Kenya Strengthens Rules on Plagiarism and AI-Use Thresholds in University Theses
- OUS Academy in Switzerland

- Jul 18
- 2 min read
Nairobi, Kenya – In a step to maintain high academic standards, Kenyan universities are adopting clear rules for plagiarism and use of artificial intelligence (AI) in theses. The new thresholds are:
Less than 10% similarity = Acceptable
10–15% similarity = Needs Evaluation
Above 15.1% similarity = Fail
These rules apply to all academic theses submitted for master’s and doctoral degrees across public and private universities.
Why the New Thresholds?
Academic institutions in Kenya have seen growing concern over plagiarism and misuse of AI tools by students. Some students use AI to generate large portions of text, then submit it without editing, citing, or acknowledging. Others have high similarity scores on plagiarism detection tools. Universities want to ensure originality, academic integrity, and that students develop their own critical thinking and writing skills.
How It Will Be Enforced
Universities will use plagiarism detection software on all theses.
Any thesis with a similarity score of 10–15% will be reviewed by a committee. The student may be asked to revise, clarify sources, or explain AI-tool usage.
Theses above 15.1% similarity will be rejected (fail) immediately, unless there is a very strong justification and evidence of mistakes in detection.
Role of AI
AI tools (like chatbots, large language models) may be used by students, but only if:
Their contribution is clearly disclosed and cited.
The student edits, reflects, and adds original work beyond what the AI tool generated.
The final work shows student’s own ideas, analysis, and writing.
Use of AI without disclosure, or over-dependence on AI (letting it write large parts without student input) will lead to high similarity scores and possible failure.
Benefits and Challenges
Benefits:
Enhances trust in Kenya’s higher education credentials.
Encourages students to learn proper research, writing, and critical thinking.

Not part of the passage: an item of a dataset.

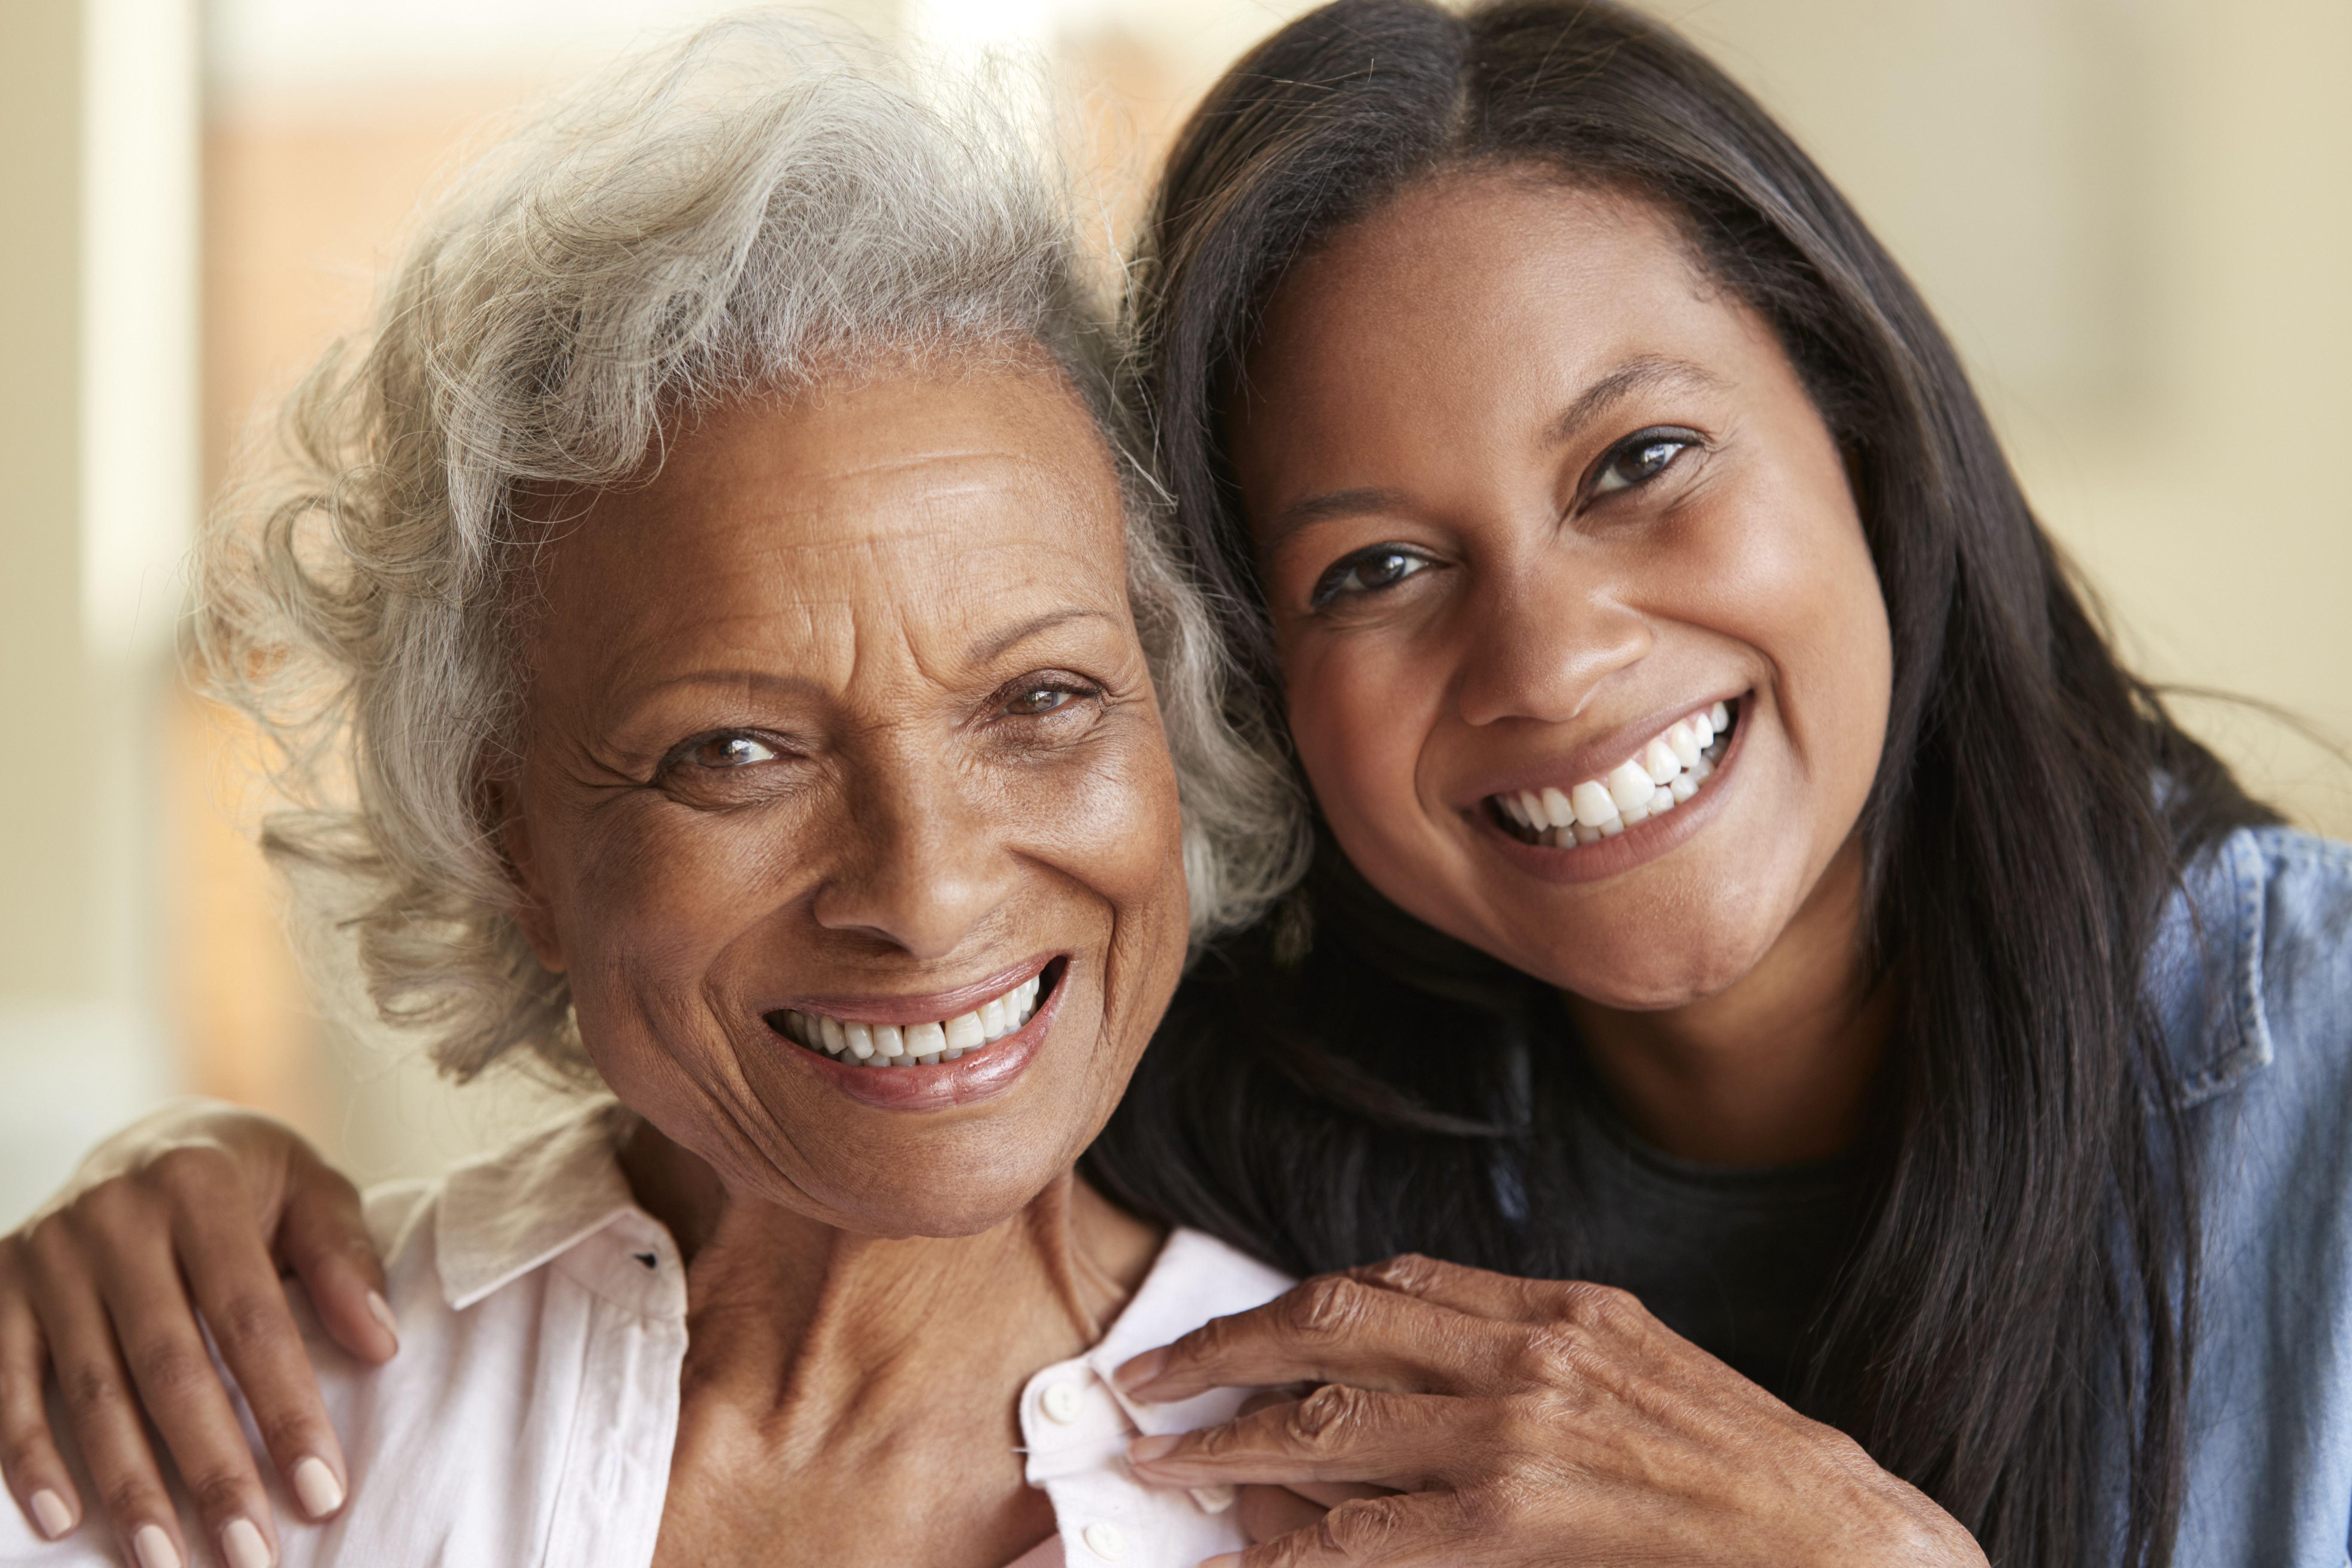 Helping your older loved one identify community resources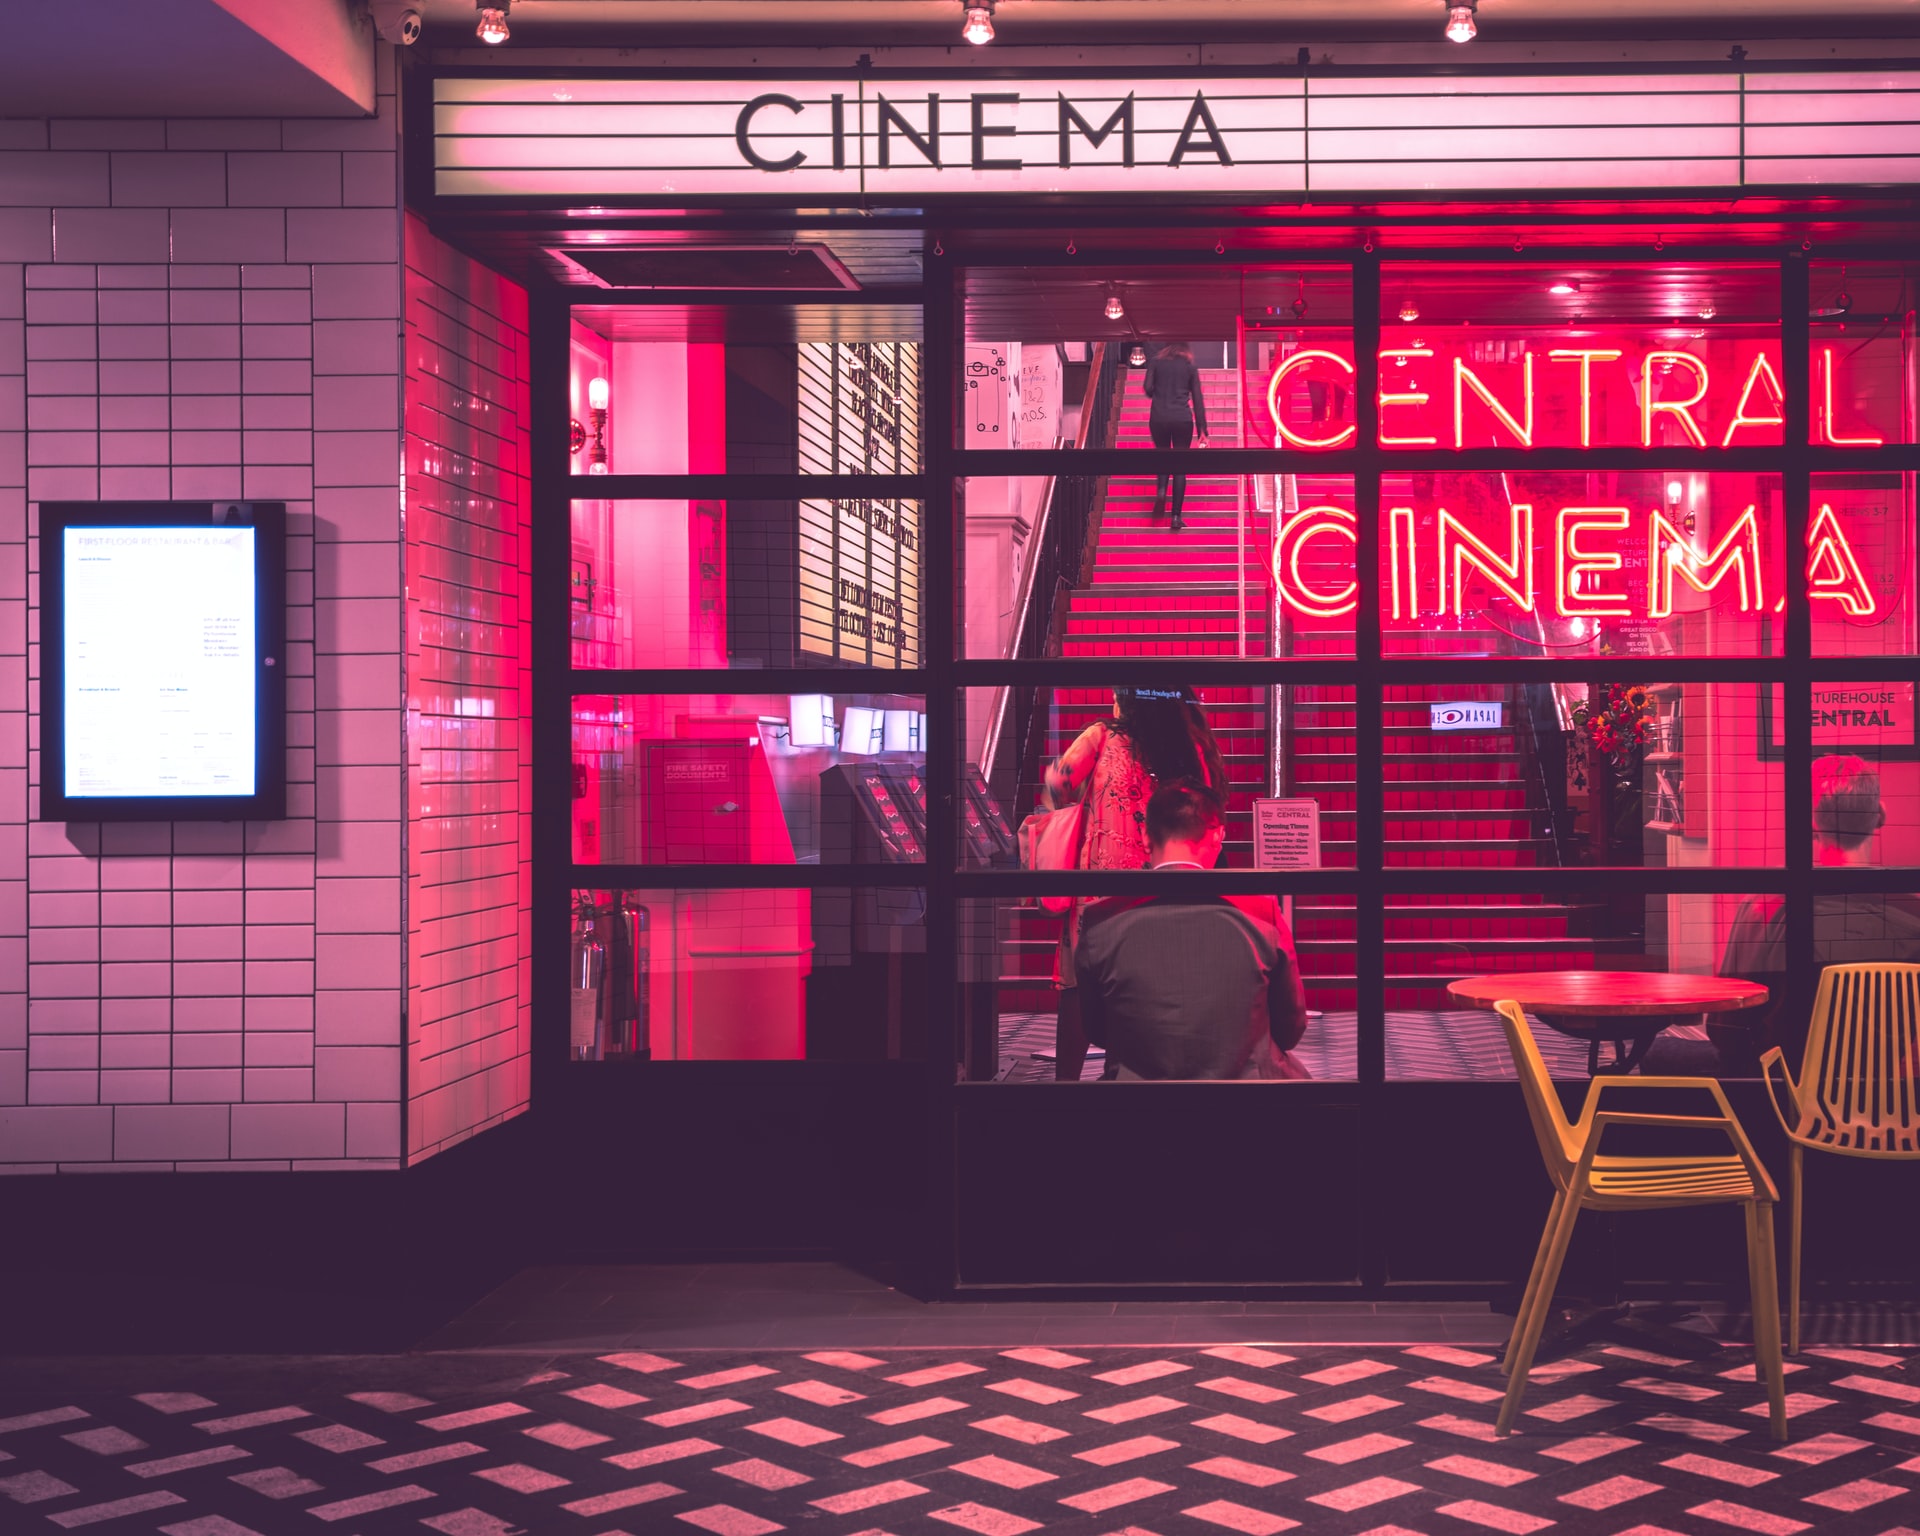 You can earn points for movie-related purchases! Source: Unsplash

Helps Kenya compete internationally in academic standards.
Challenges:
Some universities may lack good plagiarism-detection tools.
Students and staff need training in how to properly use AI, how to cite AI-generated content, and avoid unintentional plagiarism.
Defining what counts as “AI-generated” vs student-written content can be tricky.
What Students Must Do
Always run similarity/plagiarism checks before final submission.
Keep records of all sources, including AI tool usage (what prompts, what output, how you modified).
Cite any AI-assisted work.
Ensure your thesis is mostly your own writing, ideas, and research.